Вспомнила старенькую кирху в родном городишке, что-то далекое, из детства.

Он нежно обнял ее. «Милая, – шепнул, – милая…» – и неожиданно – по-русски:

– Лапушка…

Цветные стекла были вставлены. Они отлично связались со святым Иеронимом и распятием. Тереза радовалась, как девочка. Красивым стеклам, конечно, но еще больше вниманию мужа, его ласковым словам.

– Ты у меня, – сказал Дуров, – подлинная артистка.

А на втором этаже все было куда как проще, без цветных стекjл. Без сентиментальных воспоминаний. Довольно откровенно.

Там иной раз граммофон рыдал цыганщину. На черном диске вертелся толстый мальчишка с крылышками, гусиным пером записывал Варю Панину или даже начавшую входить в моду очаровательную госпожу Вяльцеву.

Бель Элен любила сумасшедшие придыханья и вскрикиванья цыганских песен. Сама, смешно коверкая русские слова, с приятной хрипотцой пела:

Эй-ха-ли дси-ка-а-нэ с я-ре-ма-ре-ки…

Анатолий-младший смеялся, передразнивал:

– Дси-ка-а-нэ!

Он относился к ней… как бы это сказать? Вернее всего, он к ней никак не относился. Она была добра, смешлива, игрунья. Это ему нравилось, ни о чем другом он, восьмилетний озорник, пока не задумывался.

Совсем иное, противоположное, было у девочек. Старшей, Евлампии (Ляле), исполнилось четырнадцать; младшей – Марусе – одиннадцать. Маленькие женщины, они отлично понимали, что в их семье Прекрасная Елена. Собственно, что она для матери, для мутерхен. Они любили Терезу, чувство ревнивой обиды за нее едва не обернулось неприязнью, враждебностью к отцу. Но он-то – красавец, острослов, блестящий артист, художник, – он представлялся им не просто человеком, не просто отцом: он существовал как бог. Не в их девичьих, детских даже силенках было восстать против божества. Они и не пытались это делать, но затаили в себе глухую, прочную нелюбовь ко «второй маменьке», как с ехидцей выражалась острая на язычок Ляля.

Внешне не выказывая своих чувств к Прекрасной Елене, хорошо, светски воспитанные девочки вложили их в имя, которым сразу же окрестили ее в заглазных разговорах о ней:  Е л е н к а.  Для них она была не Елена Робертовна, не Бель Элен, а так – дрянцо, ничтожество, случайно откуда-то с улицы залетевшая в комнаты назойливая муха.

Еленка – да и все тут.

А что же сам Анатолий Леонидович?

Глубокой ночью скрипят ступени деревянной лестницы. За цветными стеклами в нижнем этаже – приглушенный, затененный свет ночника (еще нет электричества, еще – керосин). Наверху черная пластинка крутится-вертится: «Эх! Все, что было… Эх!

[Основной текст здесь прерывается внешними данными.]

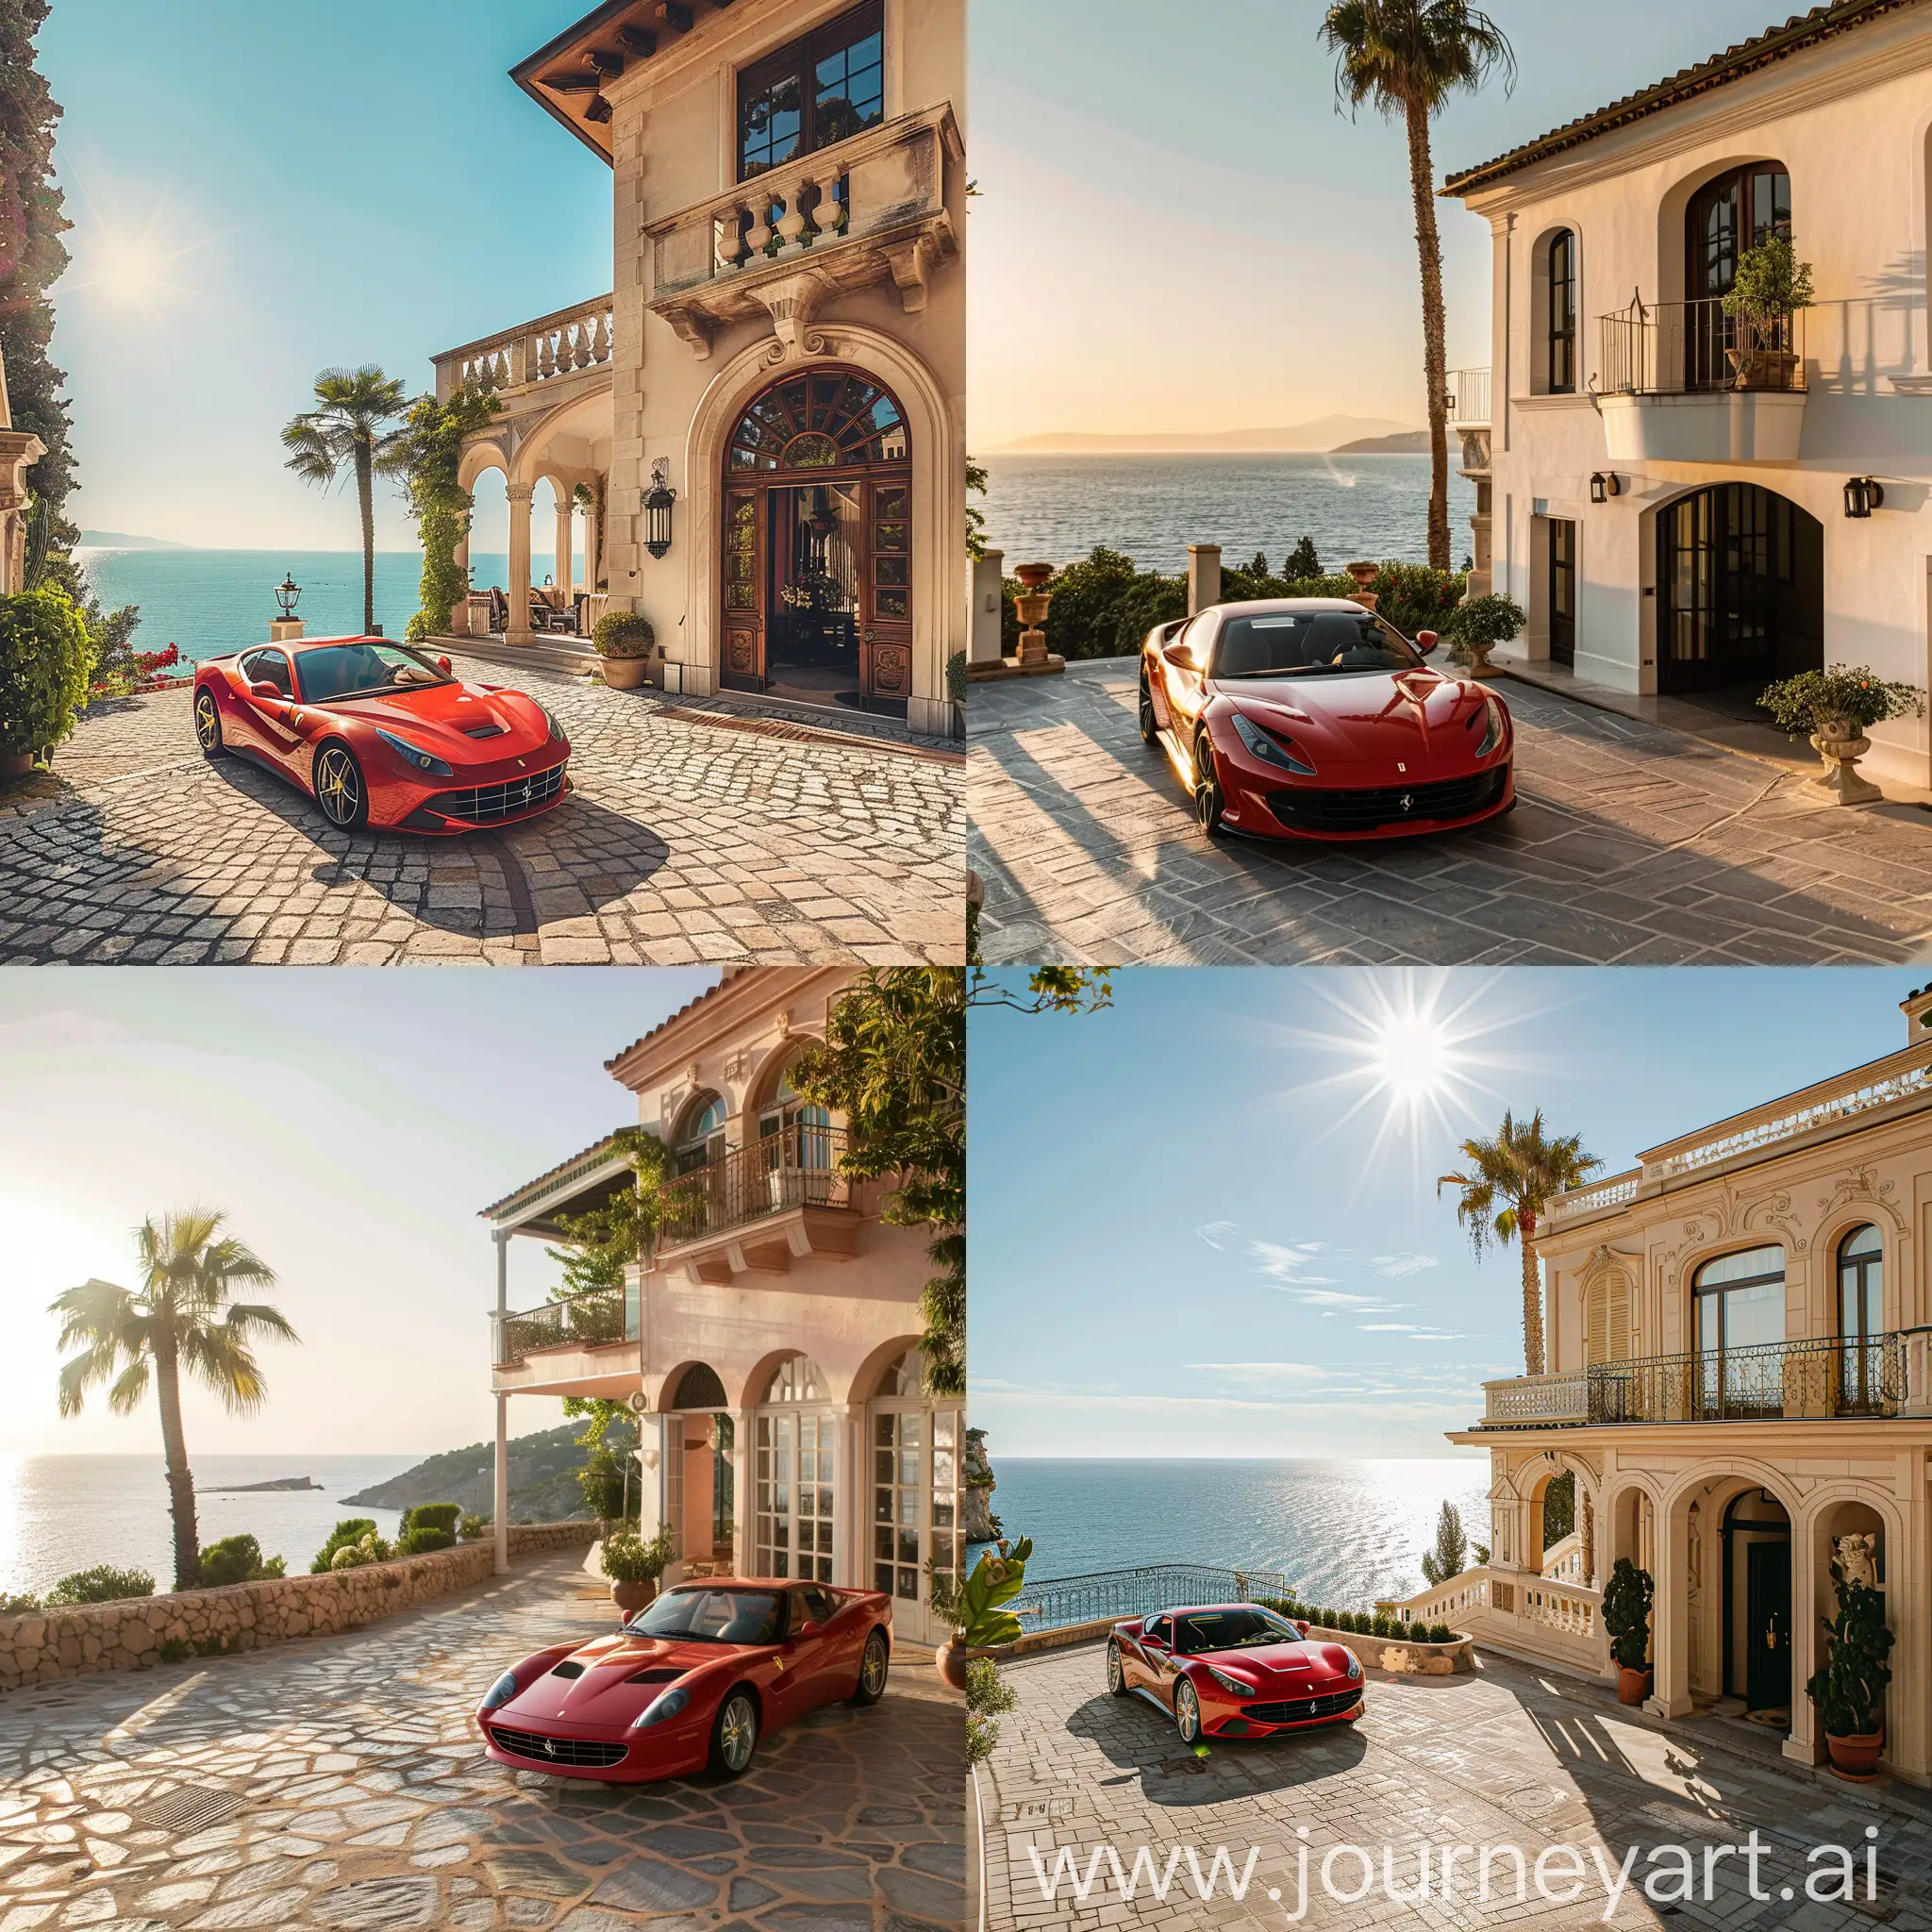 красивая вилла в средиземноморском стиле на берегу моря ласковое солнце рядом с подъездом дома припаркована Ferrari

Все, что было»… Кряхтит в угловой Клементьич – староват, немощен, поясница донимает, – а все тот же верный личарда, что и десять, что и двадцать лет назад… Анатошка бормочет во сне: «А вот как поддам!.. Как поддам…» Драчун, забияка, вечные проказы на уме. В крохотной комнатушке под лестницей, где спит Феня, – тишина могильная. Здоровому, крепкому сну беззаботной молодости – как не позавидовать!

Он не собирался нынче задерживаться за письменным столом допоздна. Меньше всего думал сочинять стихи, но…

Вот сидит ведь, сочиняет.

Сценка возникла в воображении вдруг. Веселая. С прозрачными намеками. В ней примет участие вся труппа – гусь, петух, собака, осел, свинья, кошка. Кот, собственно. Котофей Котофеич.

Нынче, видите ли, все приохотились справлять юбилеи – частные банки, какие-то подозрительные торговые фирмы, какие-то общества (присяжных поверенных, приказчиков, официантов, извозчиков, зубных врачей и т. д.), какие-то «союзы», какие-то философские кружки…

Почему бы и Пал Палычу не отметить что-нибудь такое-этакое? Позвольте, позвольте… а кто такой Пал Палыч?

Гусь, милостивые государи.

Сказать точнее: гусак. То есть гусь-мужчина. Обладающий внешностью самой почтенной: гордая осанка, прекрасной формы нос, чуть надменное, полное собственного достоинства выражение лица…

Кроме всего прочего – артист. Артист, милостивые государи!

Бежит перо по бумаге:

Не чтить артиста – стыд и срам!
Он гордость братьи нашей…

Сочинялось всегда легко; чеканно отстукивал метроном размера, рифмы пели в ушах весенним ветерком. Иногда ловил на слух: ох, не то… не то! Надо бы поискать поточней, получше… Куда там! Вечная спешка.

Я почитаю гуся сам…

Вот тут обязательно что-то неожиданное: я почитаю гуся сам… почитаю гуся сам…

Что? Что? Ну! Галерка замерла, ждет…

Снова скрипят лестничные ступеньки. Кто это не спит в доме? Над миром – ночь, луна. Далеко, у придаченских озер, трескуче кричит пешая птица дергач… Ах, вот!

Я почитаю гуся сам,
В особенности… с кашей!

– Браво, Дуров! – ревет галерка. – Так их, сволочей!

Вступительный монолог окончен. К важному гусю, к Пал Палычу, по очереди подходят с поздравленьями. Читают приветственные речи – осел, кот, свинья (конечно, как же без свиньи!), и вот тут в самый раз прокатиться по адресу милого братца Володечки… Известно наперед, что номер с юбилеем будет повторен им в каком-то другом городе и выдан за свой.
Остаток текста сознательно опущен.